由於在資料集上我們對影象資料進行flatten，所以這裡需要根據記錄影象的尺寸對矩陣進行恢復：

def process_images(train_images,train_size):
    images = []
    for i, size in enumerate(train_size):
        height = size[0]
        width = size[1]
        image = np.reshape(train_images[i], (height, width, 3))
        images.append(image)
    return images

之後對影象矩陣資訊進行處理，包括有調整影象大小，資料型別轉化，標準化。針對boxes，這裡將座標資訊轉化成相對於整張圖片的比值。同時記錄影象最大目標數，將其他小於等於box的填充至最大。

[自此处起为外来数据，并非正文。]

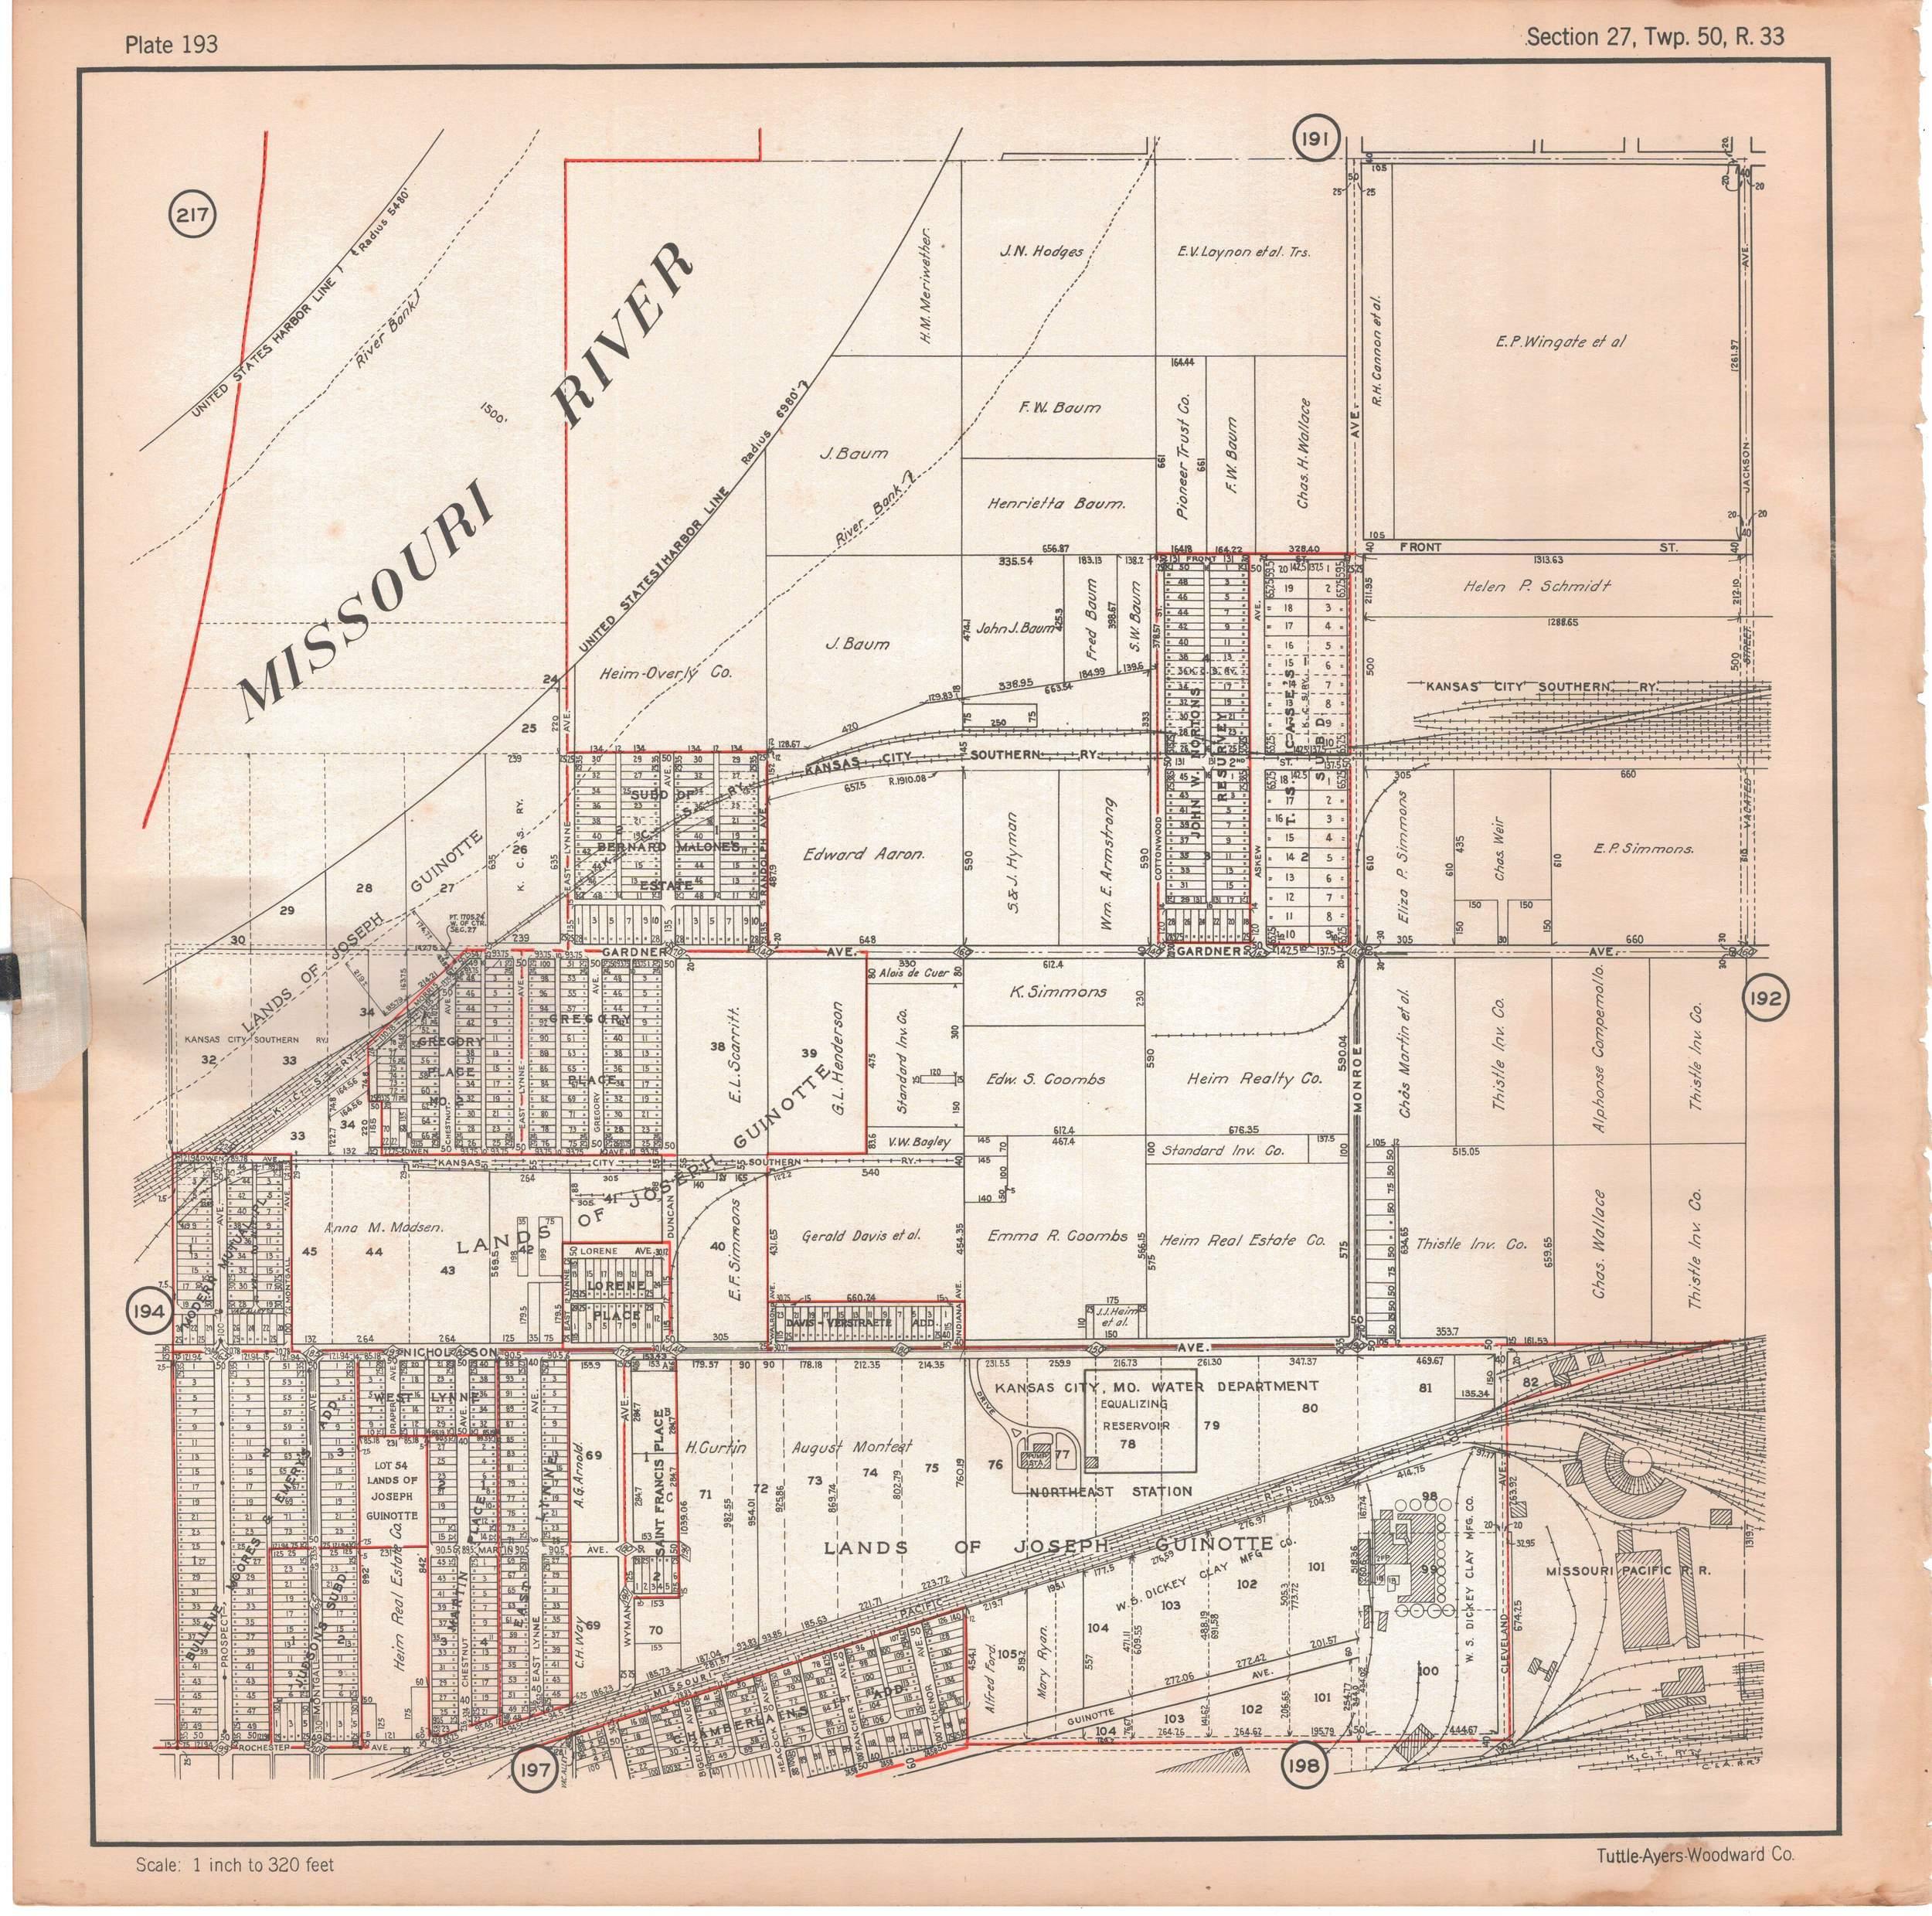 1925 TUTTLE_AYERS_Plate_193.JPG

def process_data(images, boxes = None):
    '''
    處理影象和目標ground box的資訊
    '''
    images = [PIL.Image.fromarray(i) for i in images]
    orig_size = np.array([images[0].width, images[0].height])
    orig_size = np.expand_dims(orig_size, axis = 0)
    
    # 處理影象矩陣資訊
    processed_images = [i.resize((416, 416), PIL.Image.BICUBIC) for i in images]
    processed_images = [np.array(image, dtype = np.float) for image in processed_images]
    processed_images = [image / 255. for image in processed_images]
    
    
    if boxes is not None:
        # boxes = [class, x_min, y_min, x_max, y_max]
        boxes = [box.reshape((-1, 5)) for box in boxes]
        boxes_xy = [0.5 * (box[:, 3:5] + box[:, 1:3]) for box in boxes]
        boxes_wh = [box[:, 3:5] - box[:, 1:3] for box in boxes]
        boxes_xy = [boxxy / orig_size for boxxy in boxes_xy]
        boxes_wh = [boxwh / orig_size for boxwh in boxes_wh]
        
        boxes = [np.concatenate((boxes_xy[i], boxes_wh[i], box[:, 0:1]), axis = 1) for i, box in enumerate(boxes)]
        
        # 為了方便訓練，對於某些圖片內檢測物體的box數量不一致情況，通過對影象
        max_boxes = 0
        for boxz in boxes:
            if boxz.shape[0] > max_boxes:
                max_boxes = boxz.shape[0]
                
        for i, boxz in enumerate(boxes):
            if boxz.shape[0]  < max_boxes:
                zero_padding = np.zeros((max_boxes - boxz.shape[0], 5), dtype = np.float32)
                boxes[i] = np.vstack((boxz, zero_padding))
                
        return np.array(processed_images), np.array(boxes)
    else:
        return np.array(processed_images)

獲取訓練所需的一些引數資訊

def get_detector_mask(boxes, anchors):
    detectors_mask = [0 for i in range(len(boxes))]
    matching_true_boxes = [0 for i in range(len(boxes))]
    for i, box in enumerate(boxes):
        detectors_mask[i], matching_true_boxes[i] = preprocess_true_boxes(box, anchors, [416, 416])
    return np.array(detectors_mask), np.array(matching_true_boxes)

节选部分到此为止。